- Died: 1481
- Occupations: Businesswoman silk crafter
- Spouses: Philip Waltham,; John Langwith;

= Ellen Langwith =

English businesswoman

Ellen Langwith (died 1481) was a successful English businesswoman and London silkwoman who was known to provide silk goods to the Royal Court in London.

== Life ==
Ellen was "already a successful businesswoman when she married her first husband," the London cutler (sword-making blacksmith) Philip Waltham. When Waltham died in 1426, Ellen continued his business and kept his workshop, and she also trained three female apprentices. She continued to run that business even after her next marriage to the tailor John Langwith, on 18 Jul 1437.

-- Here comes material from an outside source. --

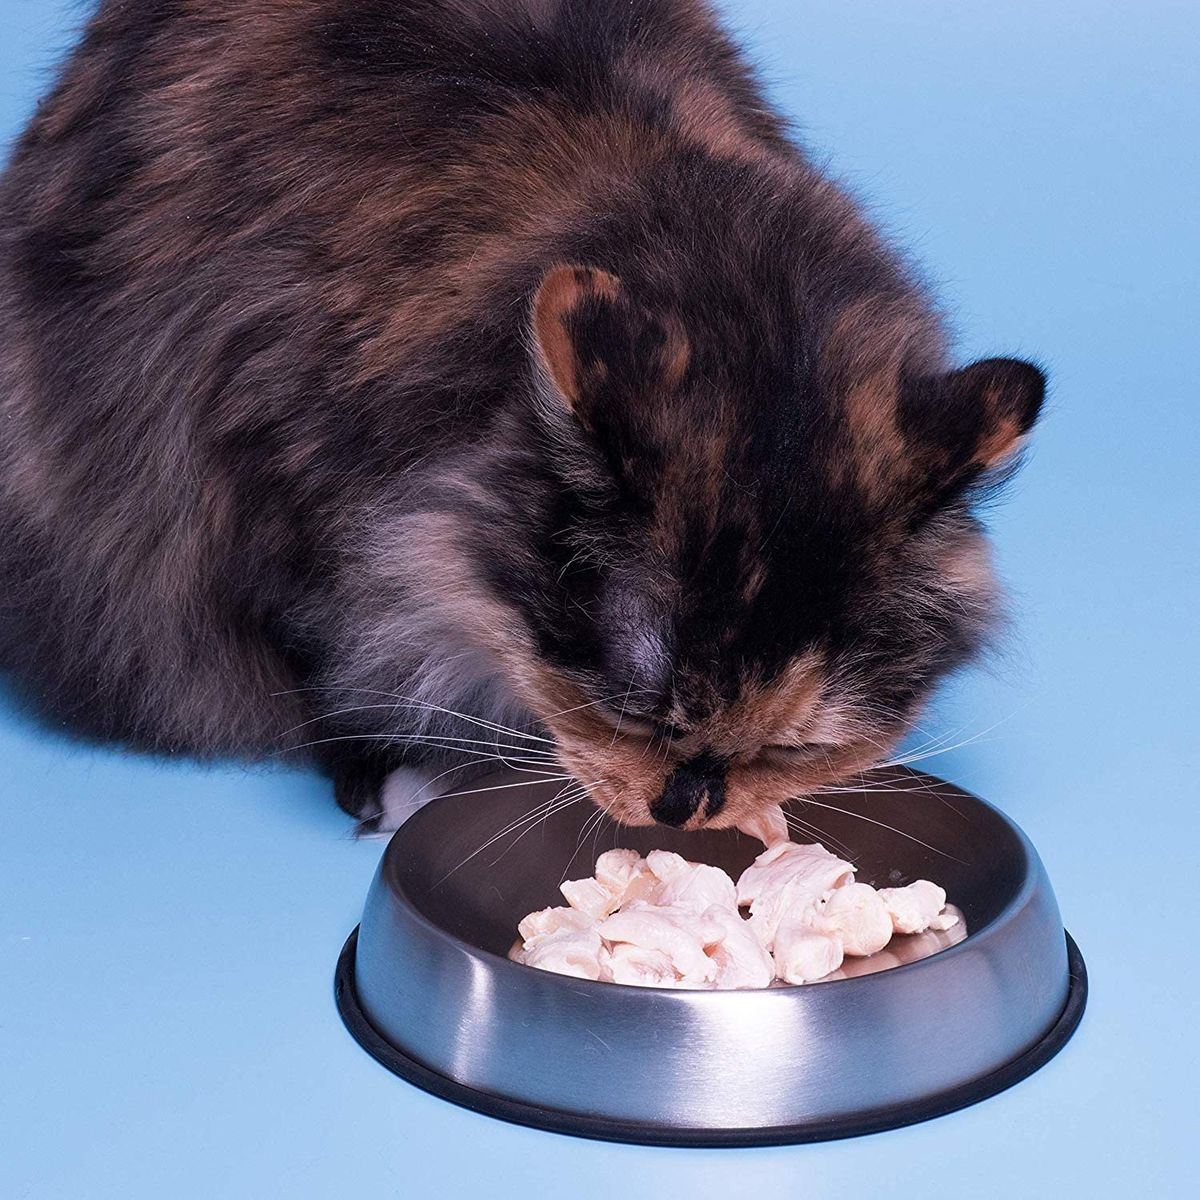 5 najboljih zdjela za hranu za mačke, prema mišljenju veterinara

She became quite successful in the textile trade and joined the Fraternity of St John the Baptist of Tailors and Linen-Armourers in the mid-1400s. She was able to order gold thread and silk directly from Venice in 1439. As one of the best of her trade, she made deliveries to the Royal court. In 1465, she received an order for the silk banners and saddle decorations for the coronation of Queen Elizabeth Woodville (wife to King Edward IV), in London, an order that would have been given only to the finest crafters. While she inherited from both husbands, Ellen had also amassed wealth through her own ventures. She operated very successfully in the silk trade under her own name, building a business where she sold to the royal household and trained her own apprentices. She is known to have been an influential figure within the London business world. When she died in 1481 as the widow of a "fairly wealthy London tailor," she had no heirs. In her will, drawn up in 1480, she left the bulk of her estate to John Brown, who was one of her previous apprentices and a brother of her own serving maid. That said, "most of her bequests were to women."